I just saw your email that Ruby is picking the kids up for parenting time tonight? She's stepping outside her boundaries.

On occasion, the term  has been used so often that I've been tempted to approach Mama Ex and quote Mandy Patinkin's famous line from "The Princess Bride." 

"Why do you keep using that word? I do not think it means what you think it means."

To Mama Ex, "exceeding boundaries" is a catch-phrase that essentially means, "I'm not a fan of something Ruby is doing and I don't know how to articulate that."

But by definition, boundary simply means this: a line that marks the limits of an area; a dividing line.

Obviously, there's no way to draw that line into what I can and cannot do as the girls' stepmother. There'd have to be some sort of legal document or printed stack of papers that both parents would have access to that would establish what's appropriate for a stepmom to do.....

Oh wait. There is. It's called a Custody Decree. 

Hubs and I just spent a huge wad of money to draft the longest, most unnecessary document in the history of mankind that literally spells out the boundaries between parental parties. They're even easy-to-read sentences like "both parties will respect the others opinions and rules within their own separate houses."  Or, "only a biological parent shall sign legal documents related to the health and well being of the children." Or even, "if a parent is unable to pick up their child for visitation, a responsible adult maybe be sent in their place provided the other parent is notified."
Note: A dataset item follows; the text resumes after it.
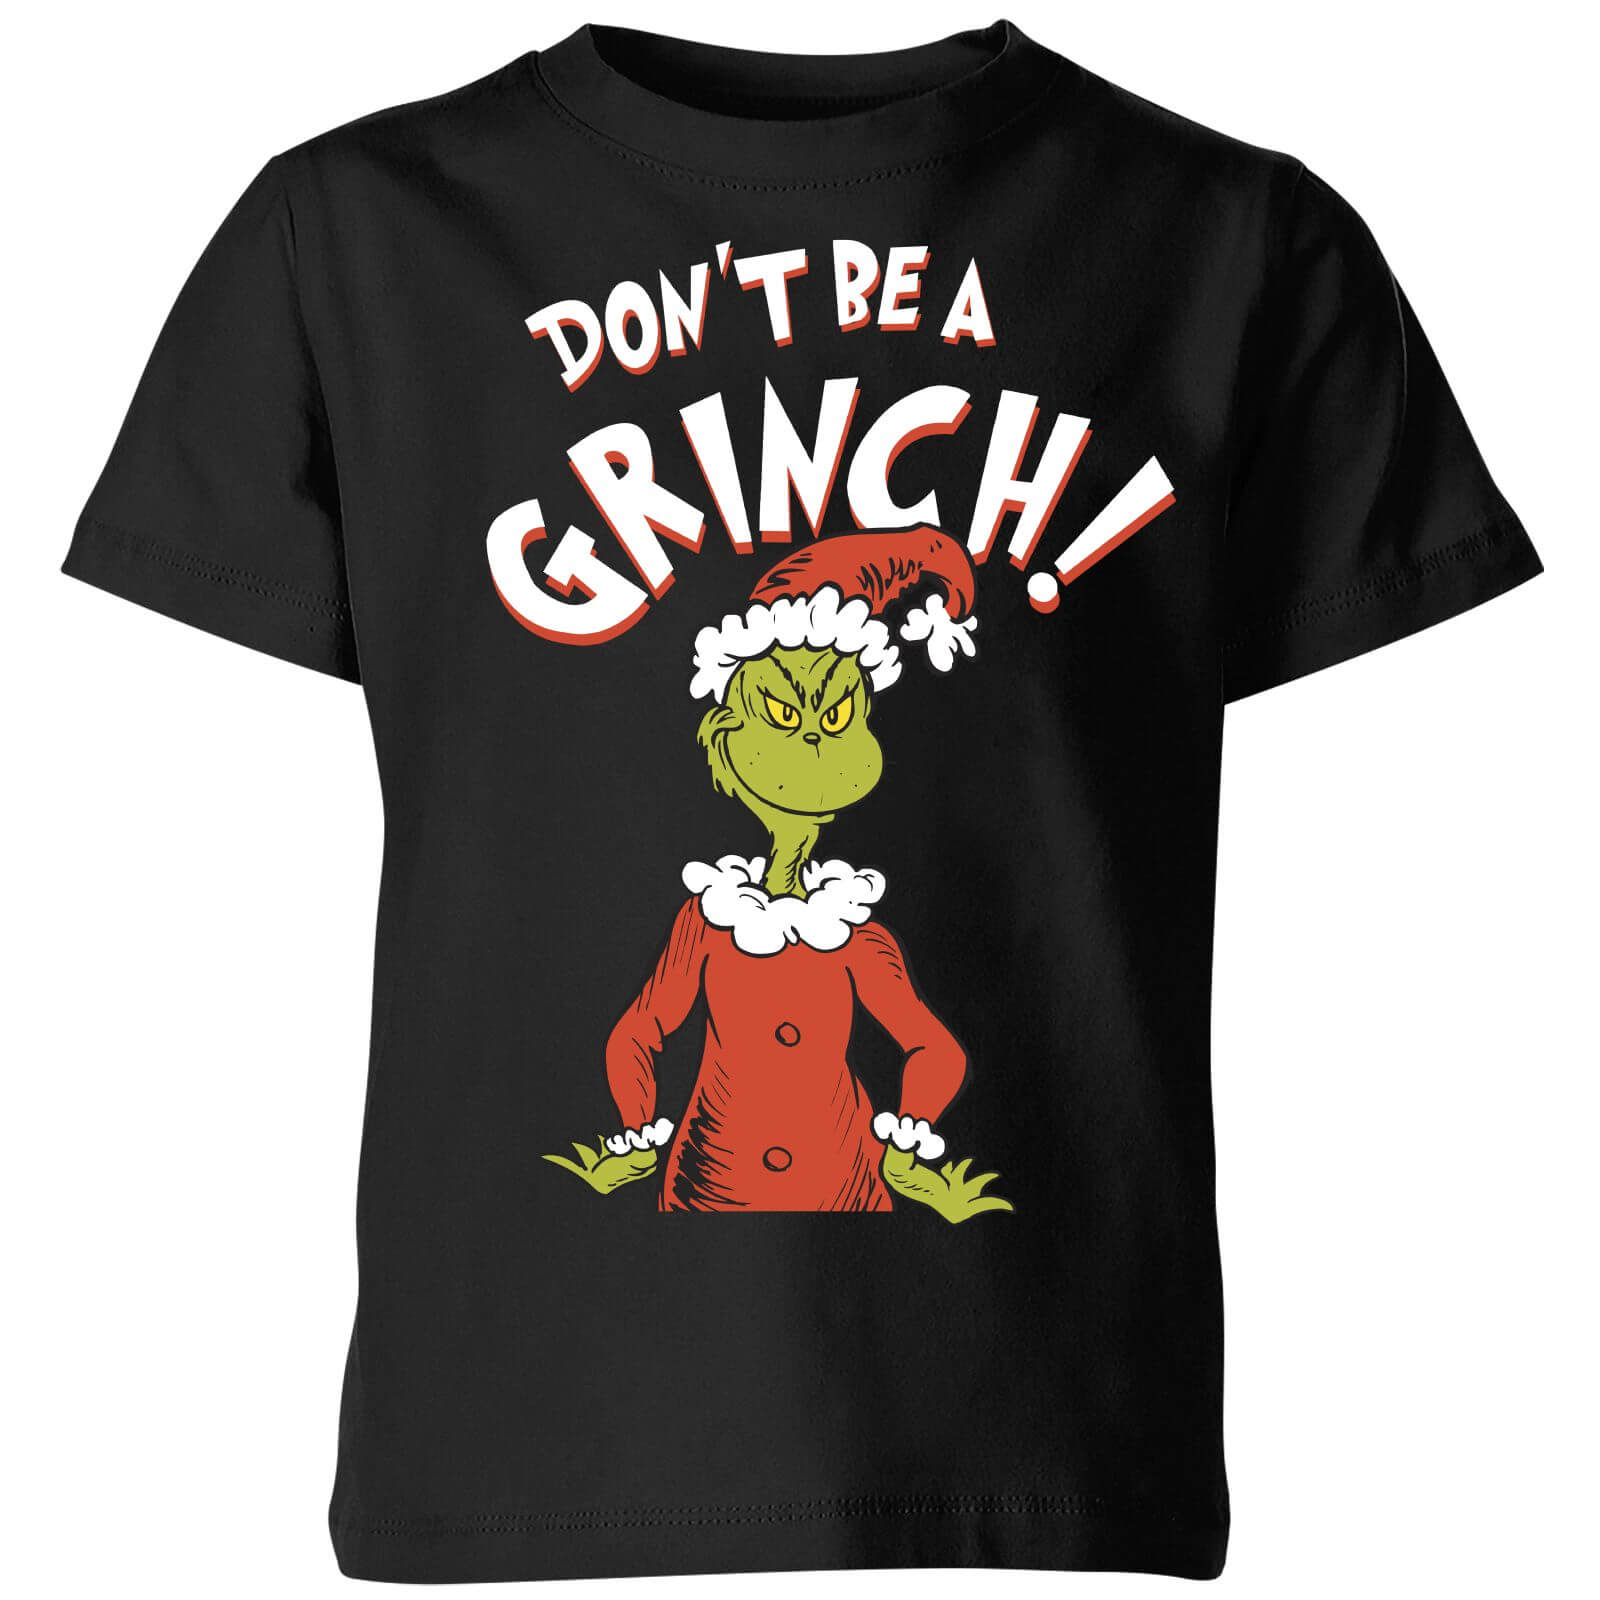 Dr. Seuss The Grinch Dont Be A Grinch Kids Christmas T-Shirt - Black - 3-4 Years - Black

So...does me picking up the kids from school qualify as a boundary violation?

No.

Does me taking my eldest stepdaughter for a haircut equal a boundary violation?

Hardly.

Does me signing a paper that says the girls can have a boob job at 13 qualify as a boundary violation?

Why yes, yes it does.

The problem I'm actually facing is simply this. There are very few legal boundaries established when it comes to step parents. And it drives Mama Ex bonkers. There is no law that says I can't take my stepchild to a horror flick. There is no law against me giving my stepkids a virtual gluten explosion of spaghetti and hot dogs for dinner.

But guess what, Mama Ex? That drives-you-bonkers door swings both ways, and it isn't doing me any favors, either.

I can't prevent Mama Ex from telling her daughter that skipping breakfast and lunch is a great way to lose 10 pounds fast. There is no law preventing Mama Ex from telling her children that college is a waste of money and a manager at McDonald's makes "really decent money." Mama Ex is not violating boundaries by doing any of these things.


Hello, Bonkers? I'd like to join your club.

At the end of the day, both Mama Ex and myself must realize that we have different ways of raising the children. What would be super great and boundary-riffic is if the three of us (Mama Ex, Hubs and myself) could all sit down together like the 33-year-old adults we are, and have an open discussion about issues we might have with one another. But that would require a very important word. 

Maturity.

I'm pretty sure that one is out of bounds.